A leading financier and Conservative Party donor is among the contenders vying to chair Channel 4, the state-owned broadcaster.

Sky News has learnt from Whitehall sources that Wol Kolade has been shortlisted to replace Sir Ian Cheshire at the helm of the company.

Mr Kolade, who has donated hundreds of thousands of pounds to Tory coffers, is said by Whitehall insiders to be one of a handful of remaining candidates for the role.

A recommendation from Ofcom, the media regulator, to Culture Secretary Lisa Nandy about its recommendation for the Channel 4 chairmanship is understood to be imminent.
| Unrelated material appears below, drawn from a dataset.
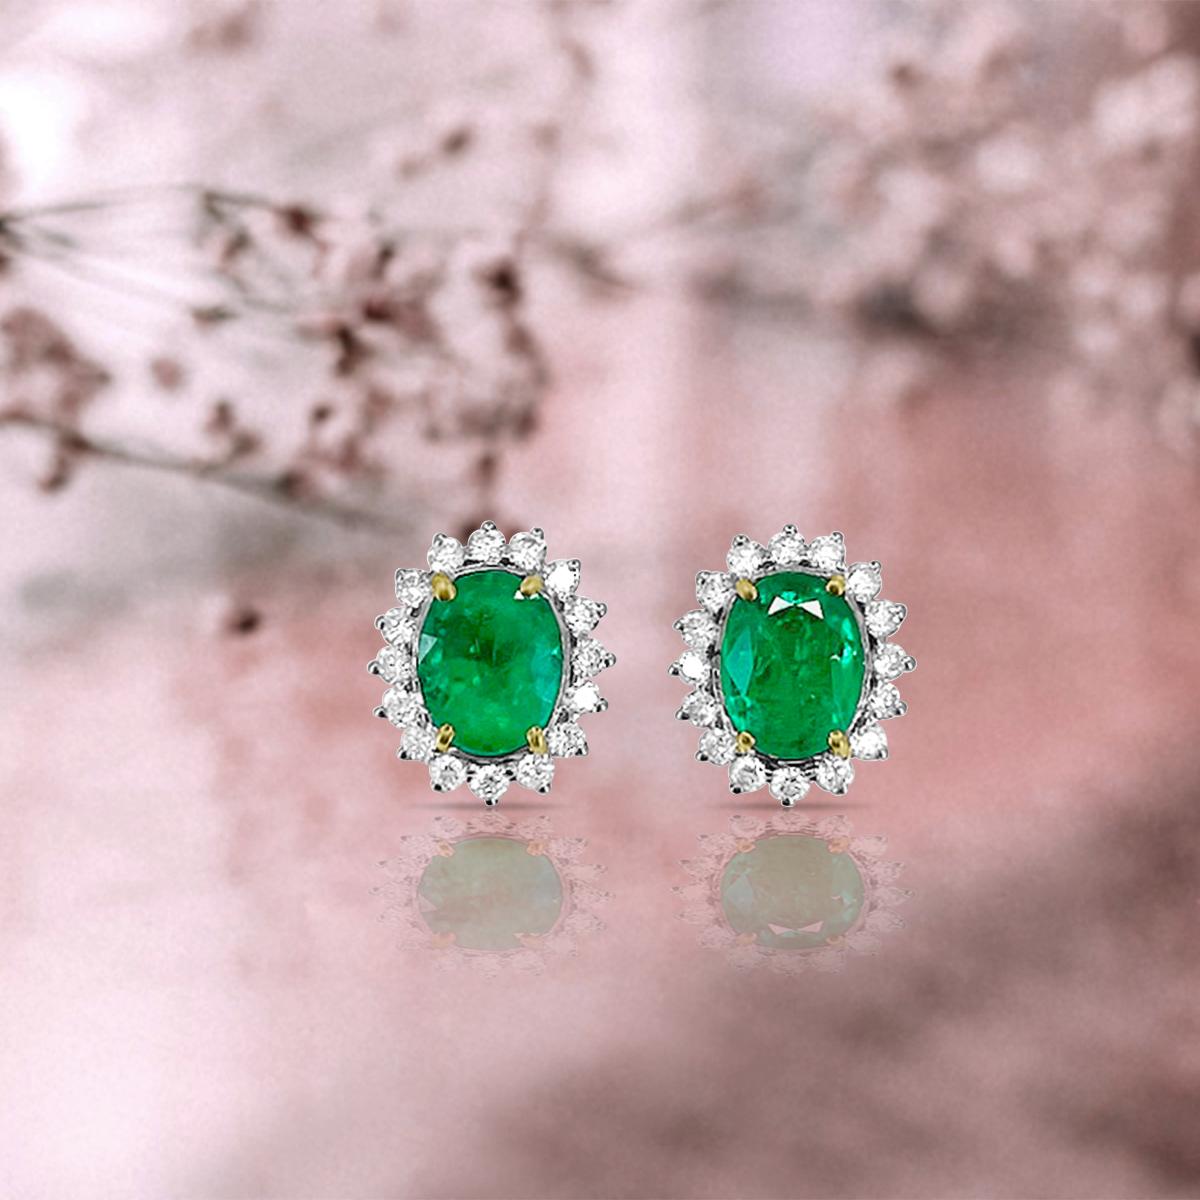 Modern 18K White Gold 2.64cts Emerald and Diamond Earring. Style# TS8128E For Sale
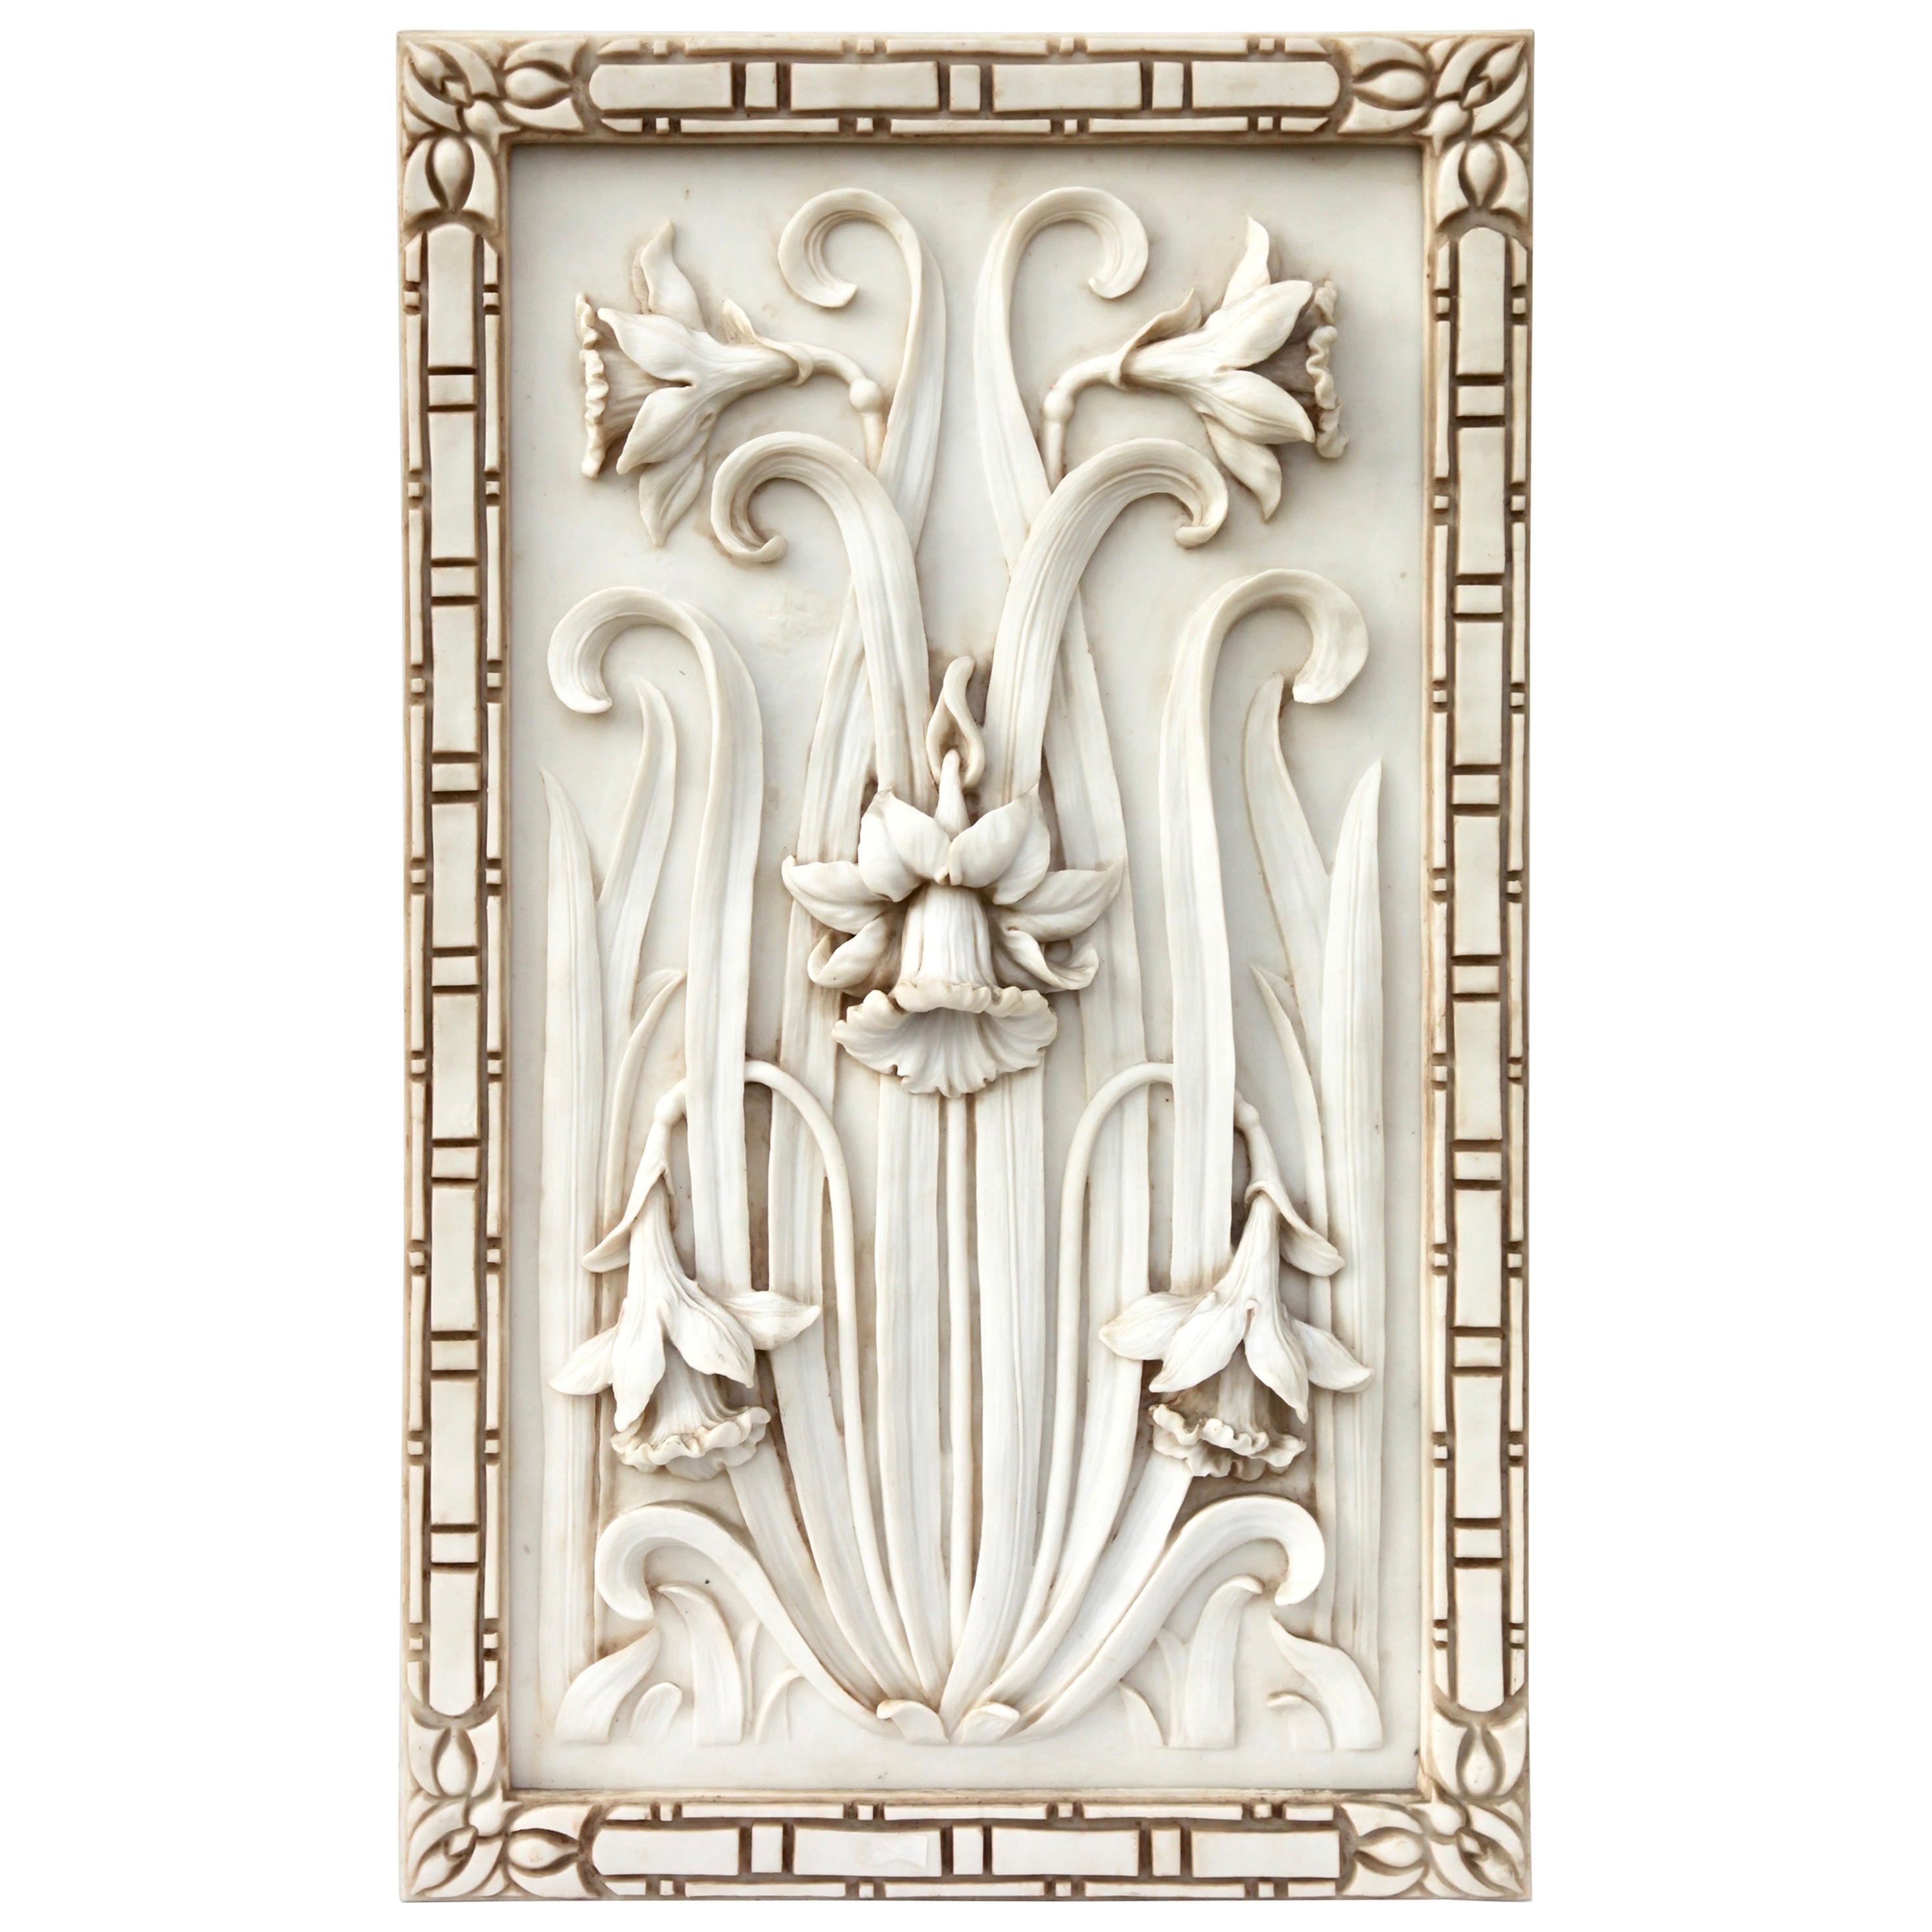 Art Nouveau 3-D Alabaster Sculptural Panel with Foliage and Daffodils / Jonquils For Sale

Mr Kolade, who heads the private equity firm Livingbridge, has held non-executive roles including a seat on the board of NHS Improvement.

He declined to comment when contacted by Sky News on Monday.

His candidacy pits him against rivals including Justin King, the former J Sainsbury chief executive, who last week stepped down as chairman of Ovo Energy.

Debbie Wosskow, an existing Channel 4 non-executive director who has applied for the chair role, is also said by government sources to have made it to the shortlist.

Sir Ian stepped down earlier this year after just one term, having presided over a successful attempt to thwart privatisation by the last Tory government.

The Channel 4 chairmanship is currently held on an interim basis by Dawn Airey, the media industry executive who has occupied top jobs at companies including ITV, Channel 5, and Yahoo!.

The race to lead the state-owned broadcaster’s board has acquired additional importance since the resignation of Alex Mahon, its long-serving chief executive.

It has since been reported that Alex Burford, another Channel 4 non-executive director and the boss of Warner Records UK, was interested in replacing Ms Mahon.

Ms Mahon, who was a vocal opponent of Channel 4’s privatisation, is leaving to join Superstruct, a private equity-owned live entertainment company.

The appointment of a new chair is expected to take place by the autumn, with the chosen candidate expected to lead the recruitment of Ms Mahon’s successor.

The Department for Culture, Media and Sport declined to comment on the recruitment process.